Tenant API key scoping and the audit trail requirement

In a multi-tenant platform, safety enforcement needs to be tenant-aware. A per-tenant API key issued by the gateway carries the tenant's data class restrictions and model allowlist as part of its claims — not stored in the calling application. When the key is presented, the gateway evaluates the tenant's policy before any other routing logic.

This means a misconfigured application cannot bypass tenant-level restrictions by omitting a header or passing the wrong data class tag. The tenant policy is authoritative at the gateway level; the application is a client, not a policy authority.

The audit log output for each request should include: timestamp, tenant ID, request fingerprint hash, data class tag, endpoint selected, policy rules evaluated (and their outcomes), output filter applied, and any policy violations triggered. This log is the evidence that safety policies are actually running — not just configured.

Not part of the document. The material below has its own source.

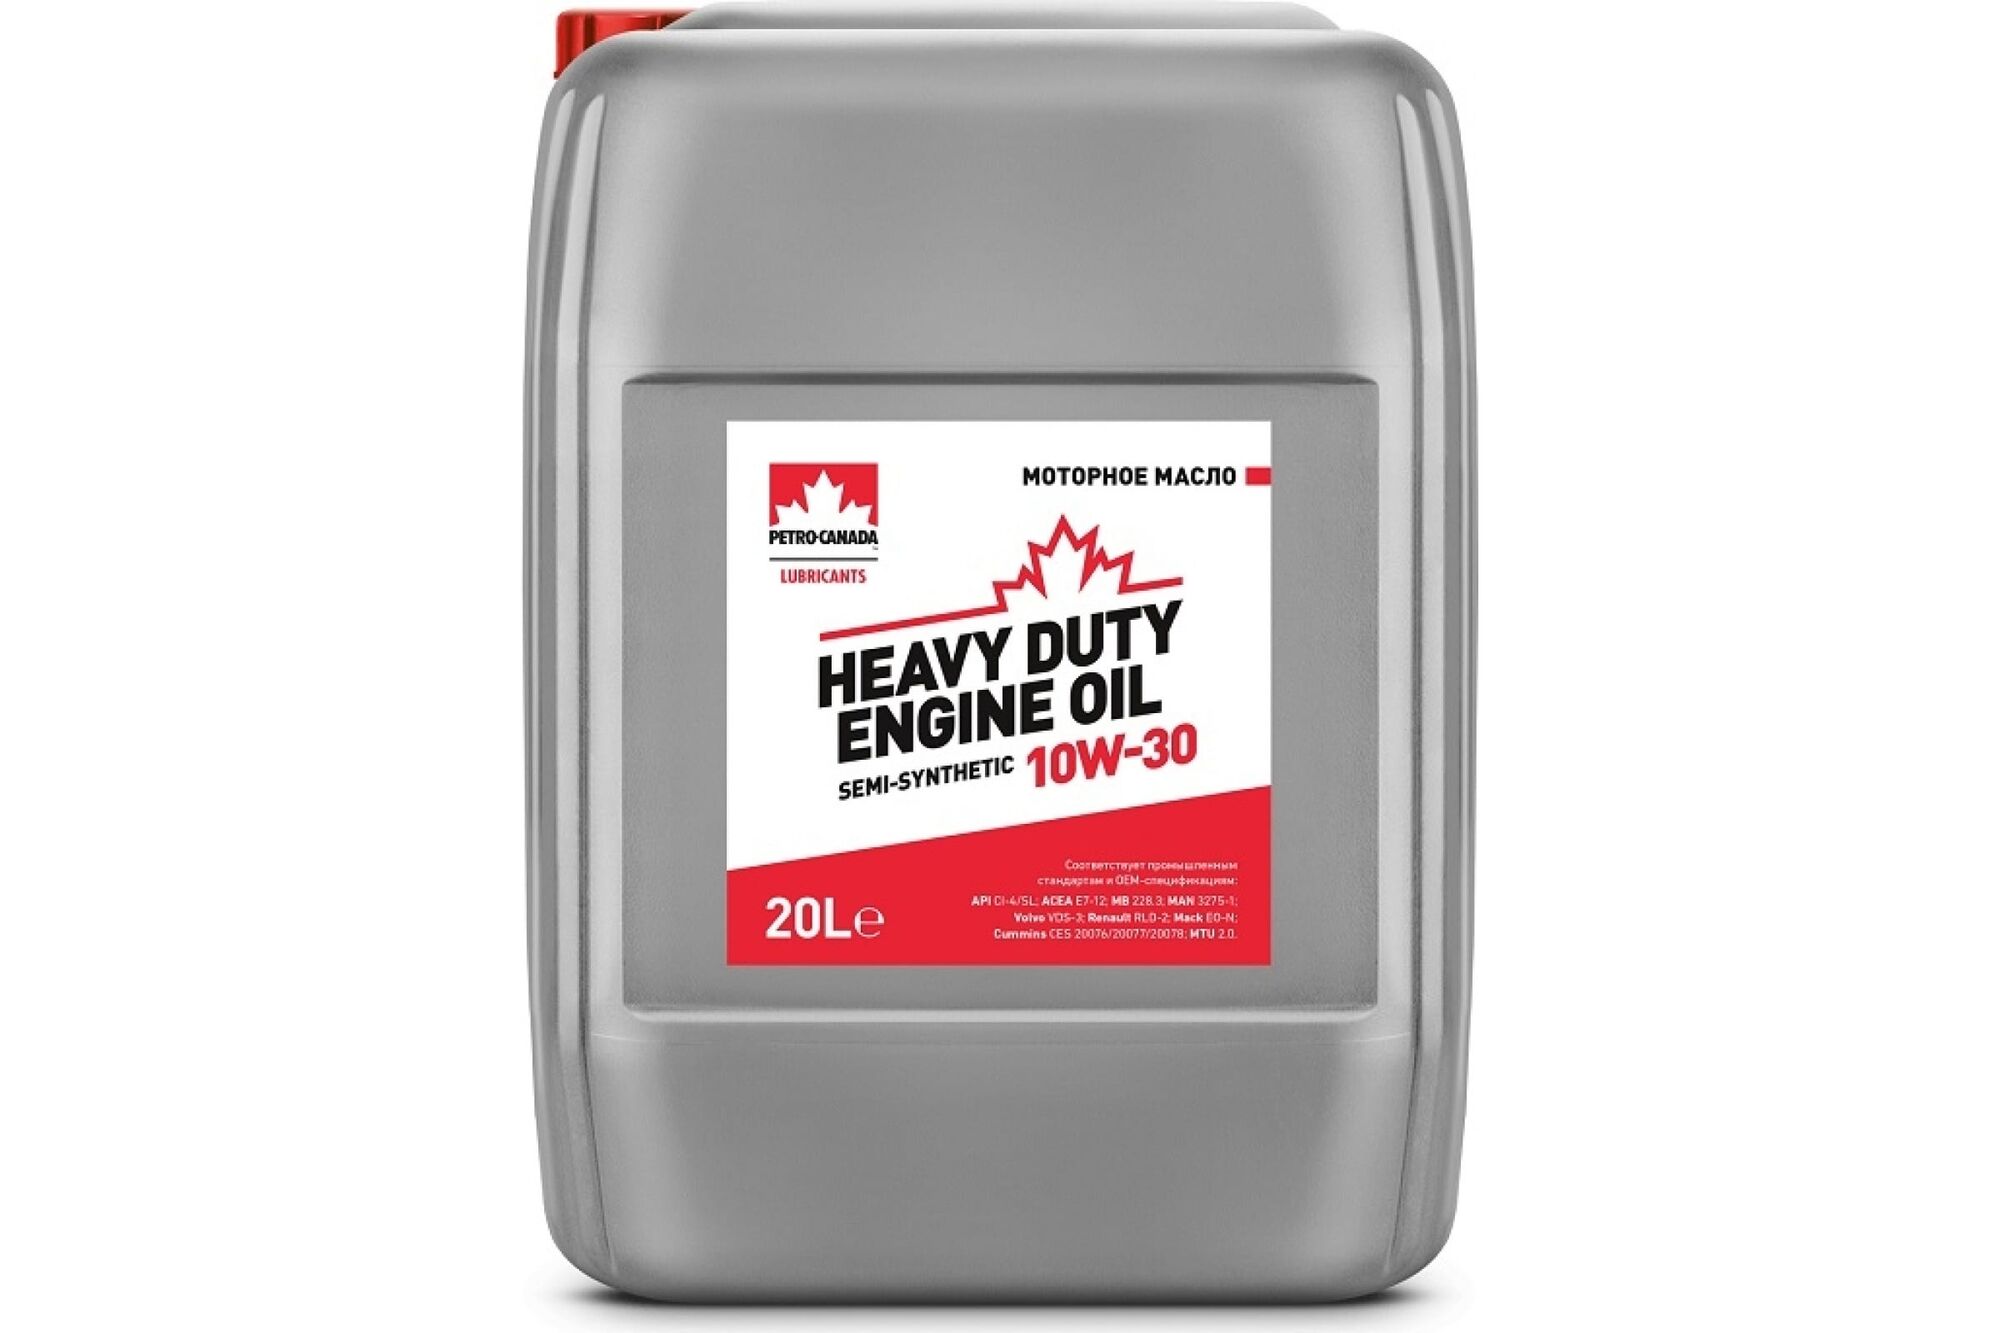 Моторное масло PETRO-CANADA Heavy Duty Engine Oil Semi-Synthetic 10W-30, 20 л PCHDEOSS13PL20 Petro-Canada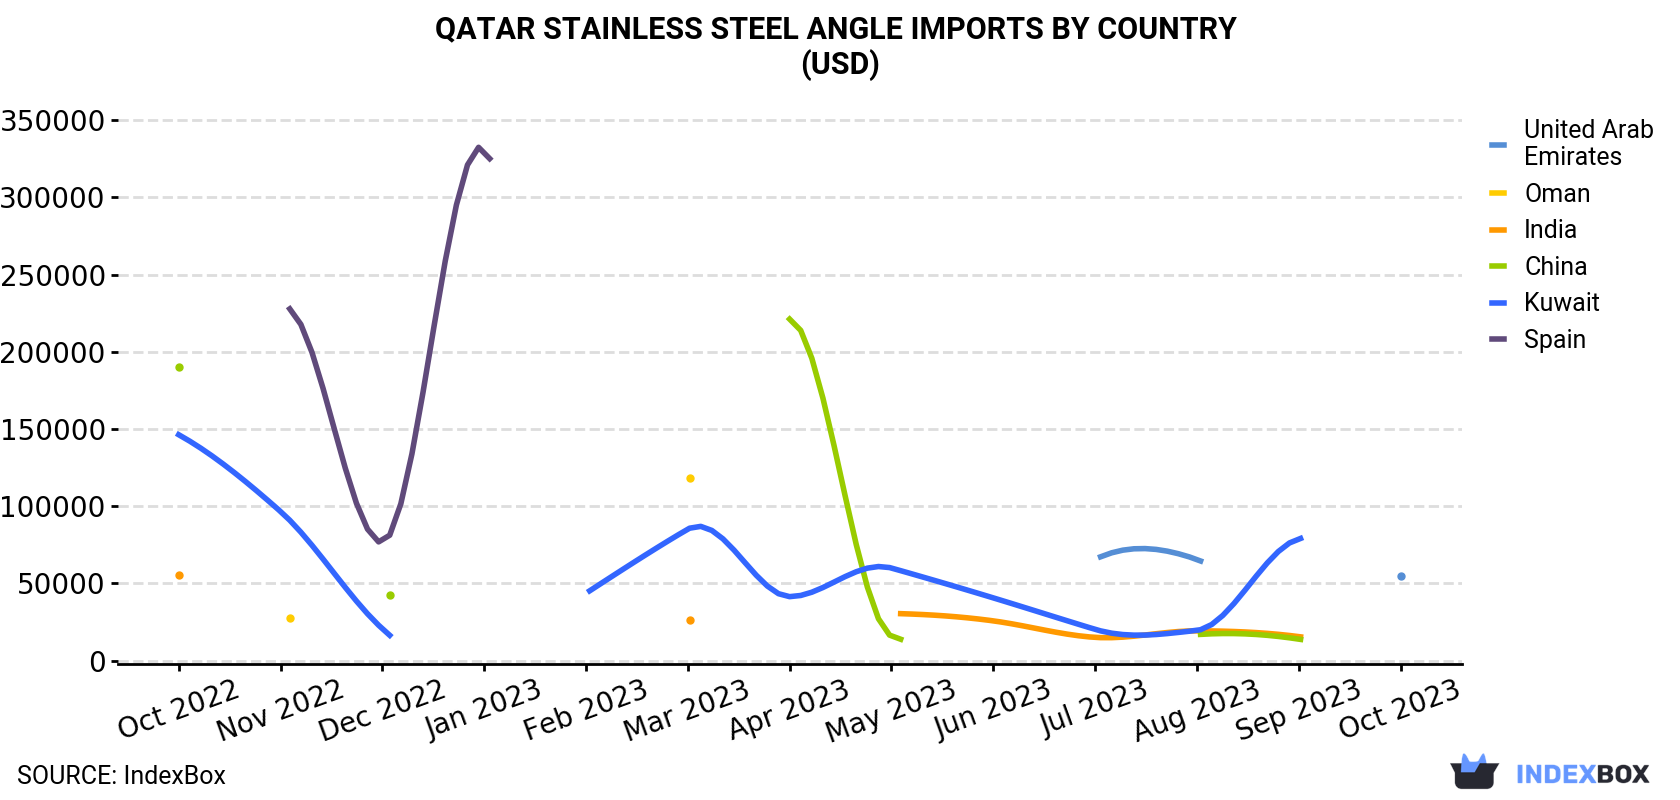 Qatar Stainless Steel Angle Imports By Country (USD)

For regulated industries, this audit trail is the difference between a successful compliance audit and a remediation order.

The EU AI Act and the emerging compliance landscape

The EU AI Act (effective August 2024, phased compliance through 2026) introduces risk tiering for AI systems and imposes documentation, audit, and transparency requirements on "high-risk" AI applications — including those used in employment, education, health, and law enforcement contexts. Article 9 requires that high-risk AI providers establish risk management systems with "appropriate" safety measures throughout the lifecycle.

While the Act doesn't specify technical implementation, the requirement for comprehensive audit logs, consistent safety control application, and the ability to demonstrate that controls function as intended across all deployments maps directly to what gateway-layer enforcement provides. Application-layer enforcement in 15 different codebases is not auditable in the way Article 9 envisions. A gateway with a centralized audit log and declarative policy engine is.

Platforms targeting EU customers or processing EU resident data should treat their gateway's safety enforcement architecture as compliance infrastructure, not just an ops convenience. Kamiwaza routes with full request-level audit logging by default precisely because this requirement is structural for enterprise AI deployment, not optional.

When gateway enforcement isn't enough

Gateway-layer safety controls handle the infrastructure tier of the safety stack. They don't substitute for:

System prompt hardening: Writing system prompts that are resistant to prompt injection is an application-layer responsibility. The gateway can flag suspicious inputs, but the model's behavior under adversarial prompts depends on how the system prompt was written.
Evals harness validation: Safety properties of model outputs (factual accuracy, harmful content rates, refusal behavior) need to be measured against an evals harness before and after model version updates. The gateway doesn't run evals — it enforces policies on live traffic.
Human review for high-stakes decisions: No automated output filter substitutes for human review when the model's response will trigger a consequential action (a medical recommendation, a loan decision, a moderation action affecting many users). Gateway controls reduce the blast radius of failures; they don't eliminate the need for human oversight on high-stakes outputs.

The right framing is defense in depth: gateway-layer policies as a structural floor that holds regardless of individual application behavior, combined with application-layer hardening for the specific failure modes of each use case. Neither layer alone is sufficient.